- Exercise
Set down each line of the data below exactly as it stands, dropping the pictures.

- Dataset section
################

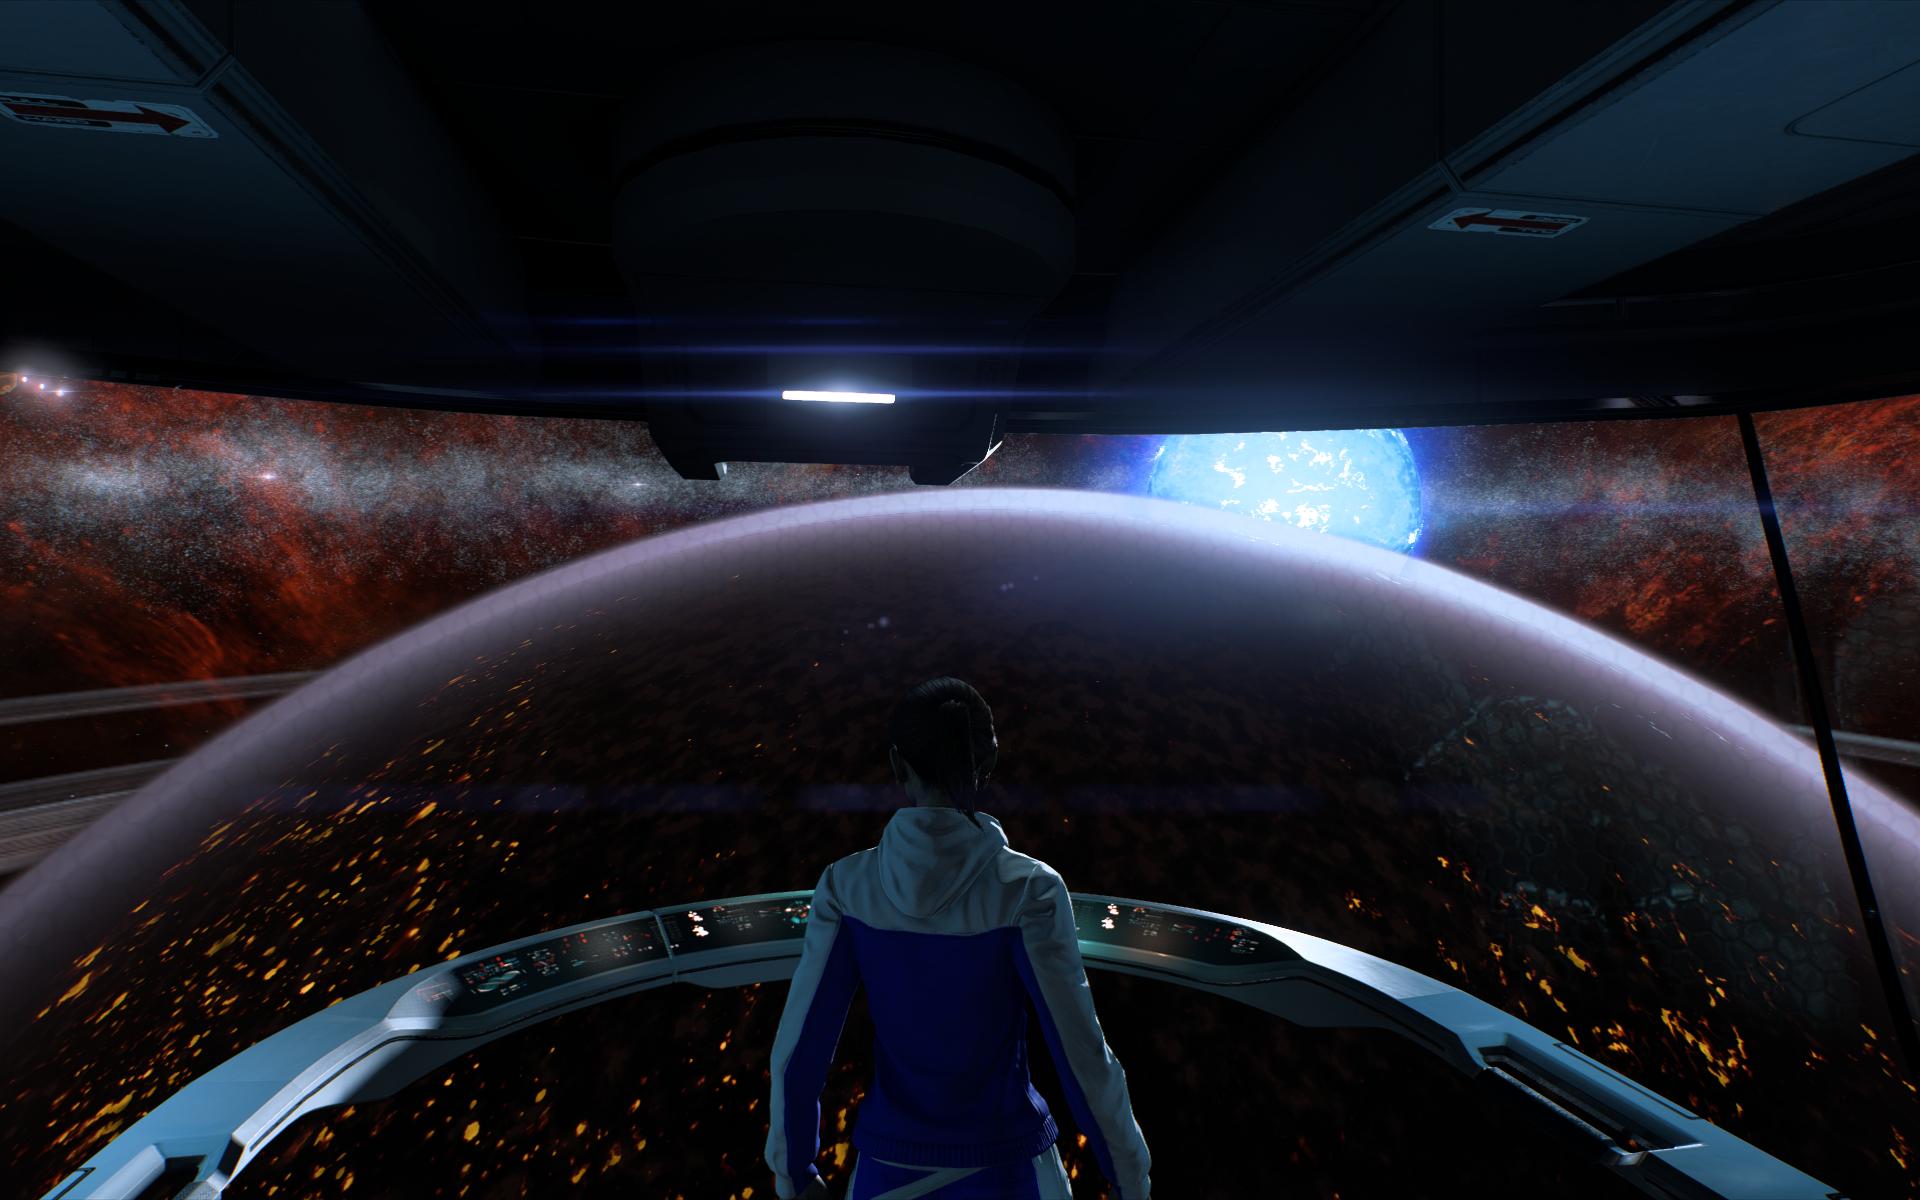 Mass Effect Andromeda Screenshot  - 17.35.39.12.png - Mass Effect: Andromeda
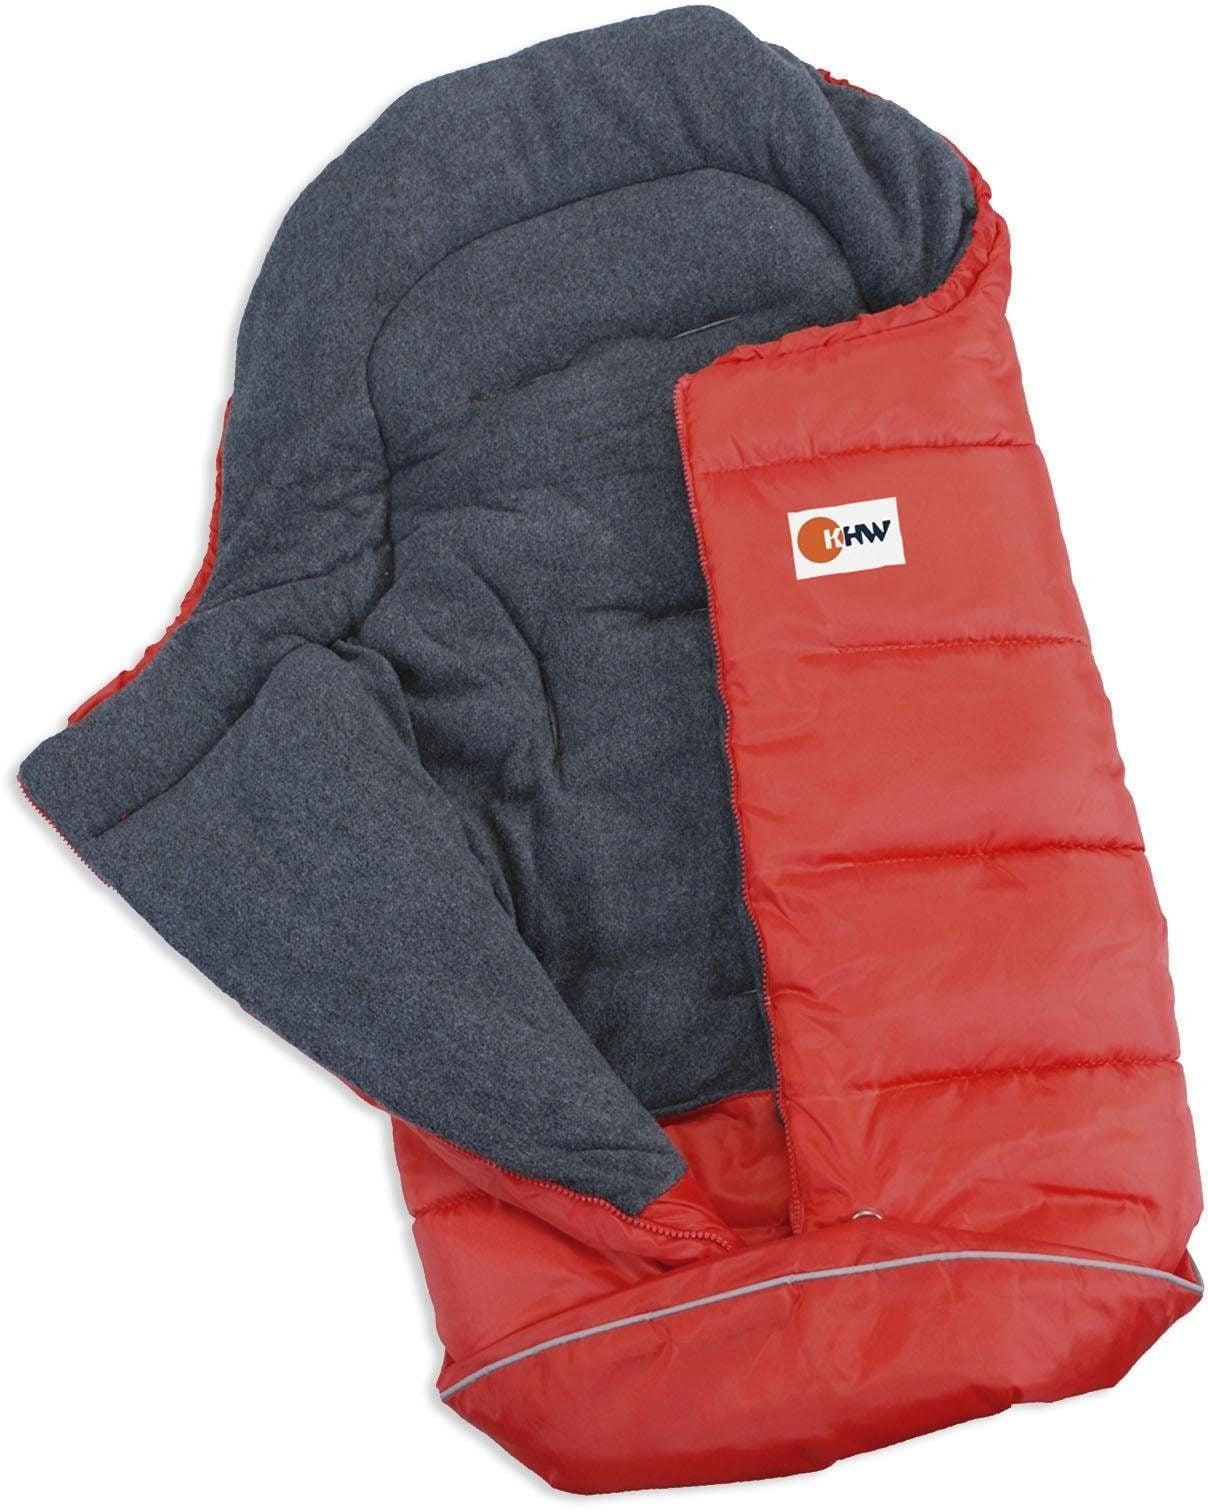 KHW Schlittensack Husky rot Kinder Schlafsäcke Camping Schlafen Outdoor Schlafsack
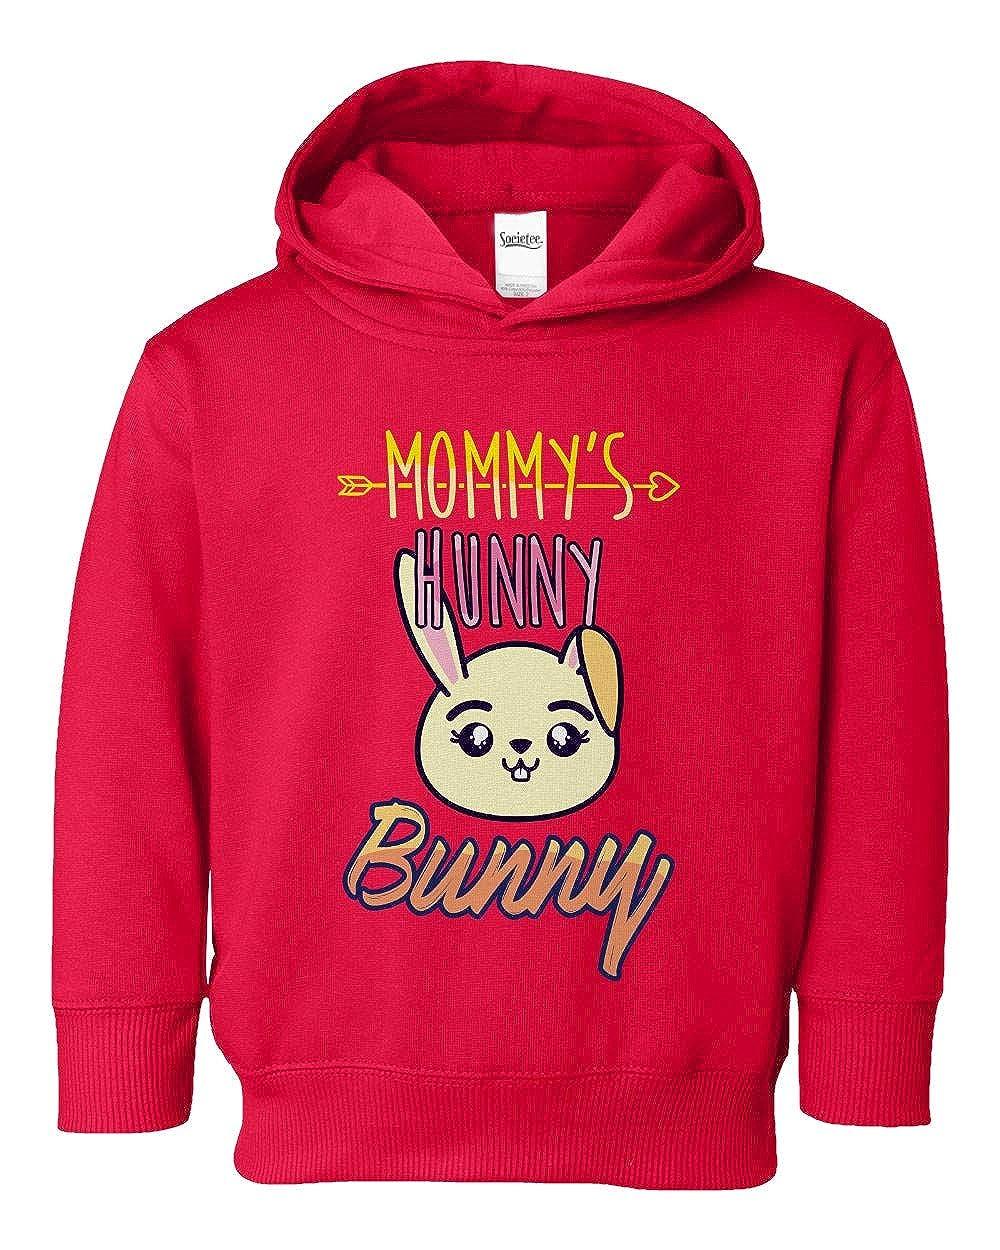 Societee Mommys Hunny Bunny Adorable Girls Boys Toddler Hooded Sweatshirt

################

- Response to the task
 Mass Effect Andromeda Screenshot  - 17.35.39.12.png - Mass Effect: Andromeda
 KHW Schlittensack Husky rot Kinder Schlafsäcke Camping Schlafen Outdoor Schlafsack
 Societee Mommys Hunny Bunny Adorable Girls Boys Toddler Hooded Sweatshirt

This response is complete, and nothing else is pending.